Similar conditions confront Fed policymakers as they meet this week,
with market skepticism about further rate hikes as deep as it was three
years ago, and a stalemate over global trade, a U.S. federal government
shutdown, and waning business and consumer confidence further clouding
the picture.
Policymakers have been clear they plan a "patient" pause in rate hikes.
The challenge for Fed chairman Jerome Powell is how much of a pause to
signal without leaving the public convinced that the Fed's current cycle
of rising interest rates has come to a full stop.
"Realistically it is a second half of the year story," for the Fed to
feel secure the U.S. recovery is sturdy enough to warrant further rate
increases, said Robin Brooks, chief economist for the Institute of
International Finance. While some current conditions are healthier than
they were in 2016, with historically low unemployment, for example,
"what's different on the negative side is the sheer amount of noise in
the system."
That includes issues, such as the U.S.-China trade spat that could be
resolved soon, clear away some of the doubts that are holding back
business spending, and improve the Fed's outlook.
But policymakers are now in no rush, with some framing the likely pause
in terms of "months" that may be needed for risks to subside enough for
them to approve the next of two rates hikes expected for the year.
Even that may be optimistic. While economists polled by Reuters this
month see those hikes delayed by a quarter compared with a December
survey, financial markets do not price in any rate increases in 2019.
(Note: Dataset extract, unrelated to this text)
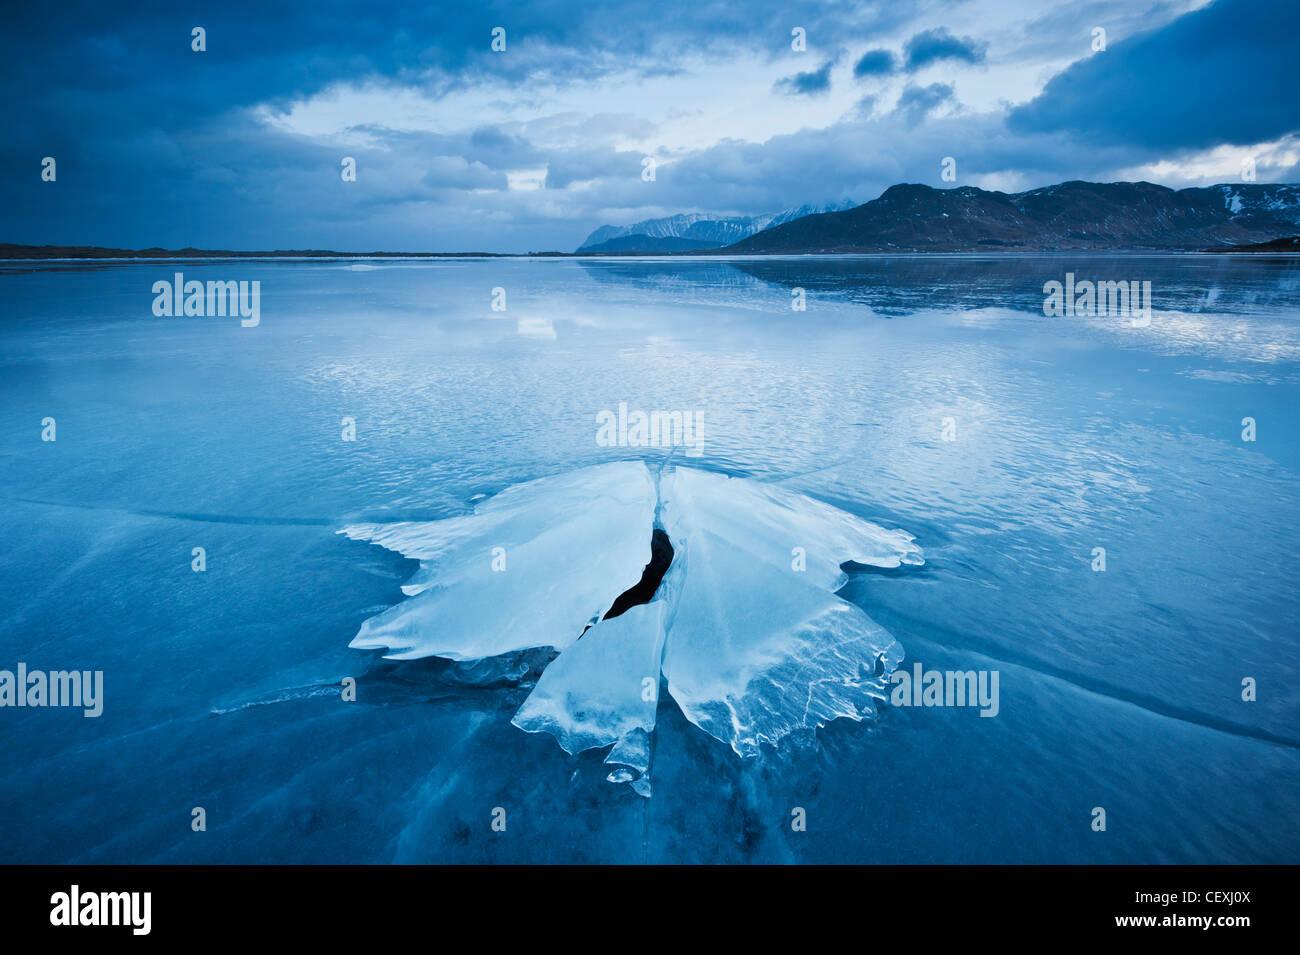 Ice formation of frozen coast of Ytterpollen, Lofoten Islands, Norway - Stock Image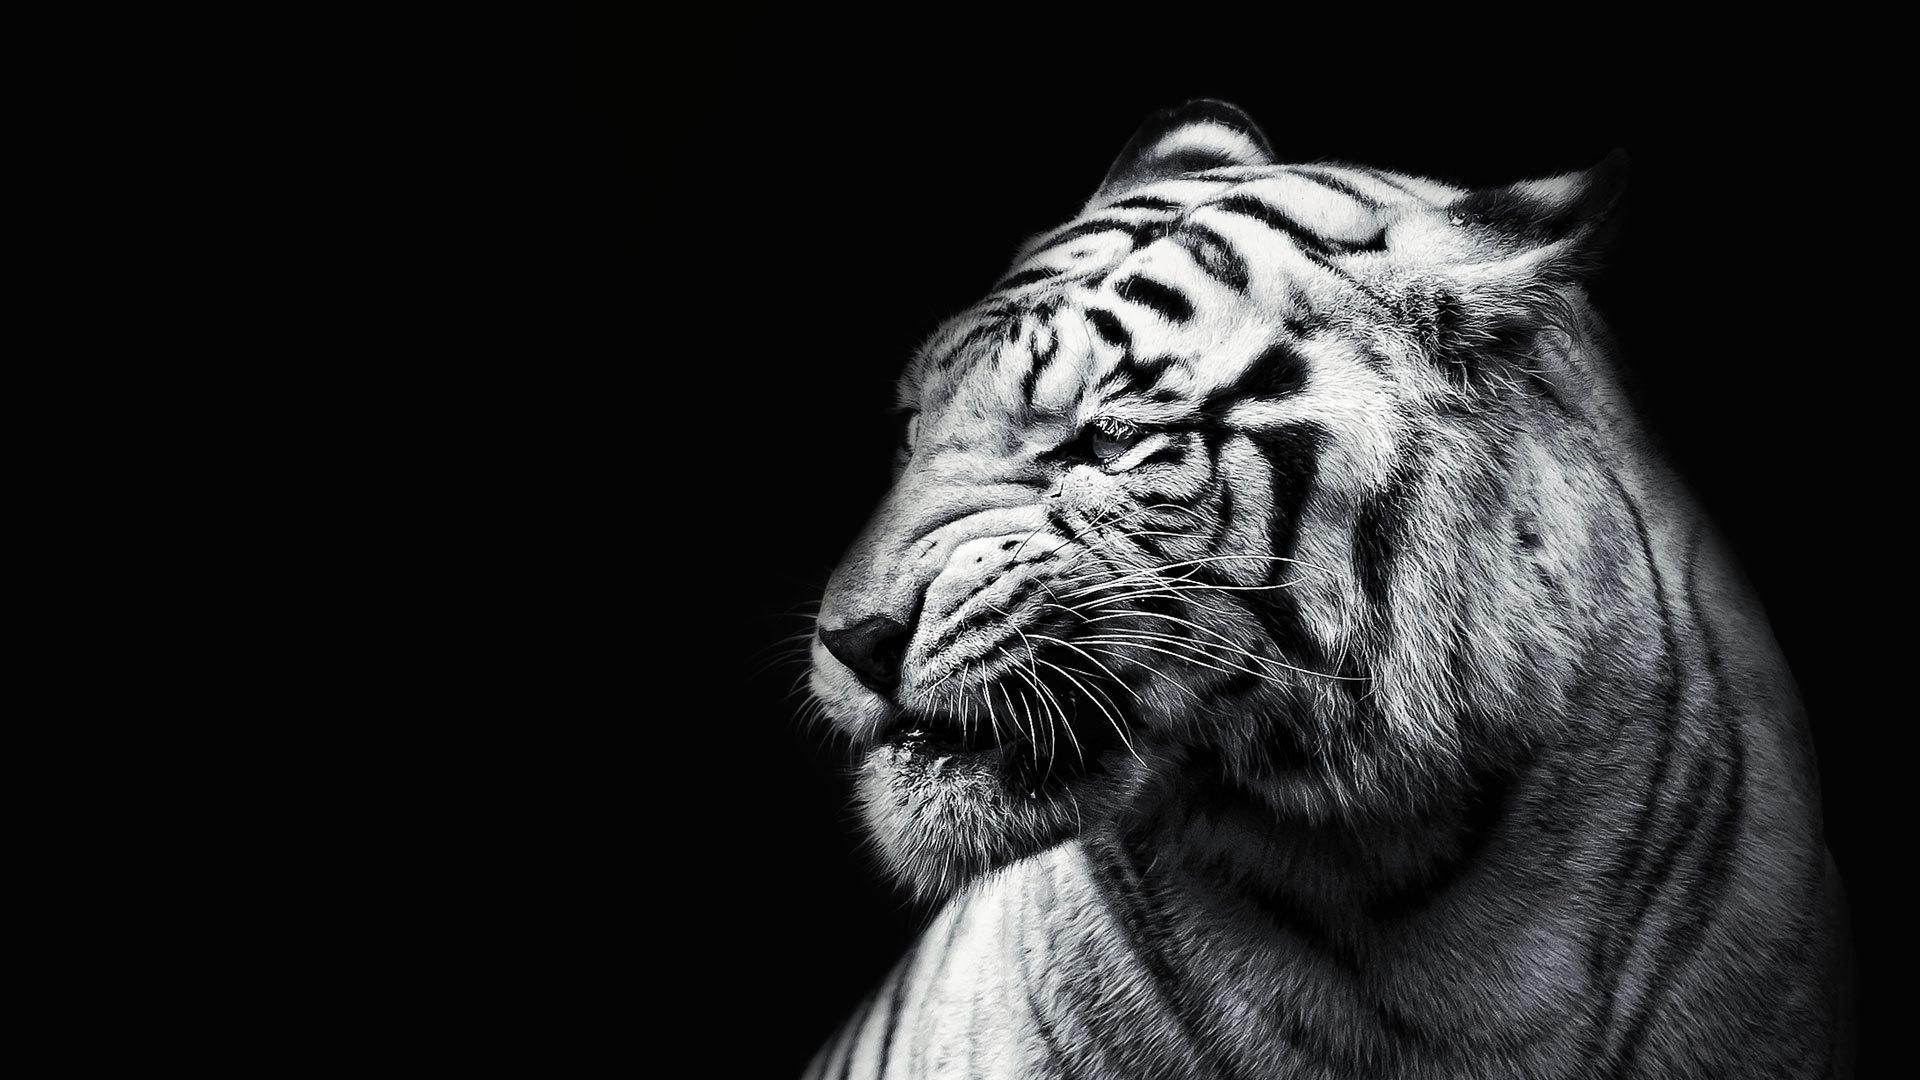 Картинки белого тигра на черном фоне

Some economists now argue the central bank's next move will be to loosen
monetary policy - whether through a rate cut, or slowing the monthly
rundown of the Fed's balance sheet that acts as a further, if small,
tightening of economic conditions each month.
The drawdown of the balance sheet by up to $50 billion a month was
designed as a non-controversial way to reverse the Fed's accumulation of
trillions of dollars during the financial crisis a decade ago. But there
has been increasing pressure -- from markets and President Donald Trump
- for the central bank to slow the process or stop altogether.
BALANCING ACT
The Fed "needs a graceful way to back off" a three-year-old tightening
cycle that was expected to continue into next year, wrote Steven Blitz,
U.S. economist for TS Lombard. He said he anticipated the Fed will
signal its new plans by changing the balance sheet program at this
meeting or the next one in March, then be forced to cut rates later in
the year.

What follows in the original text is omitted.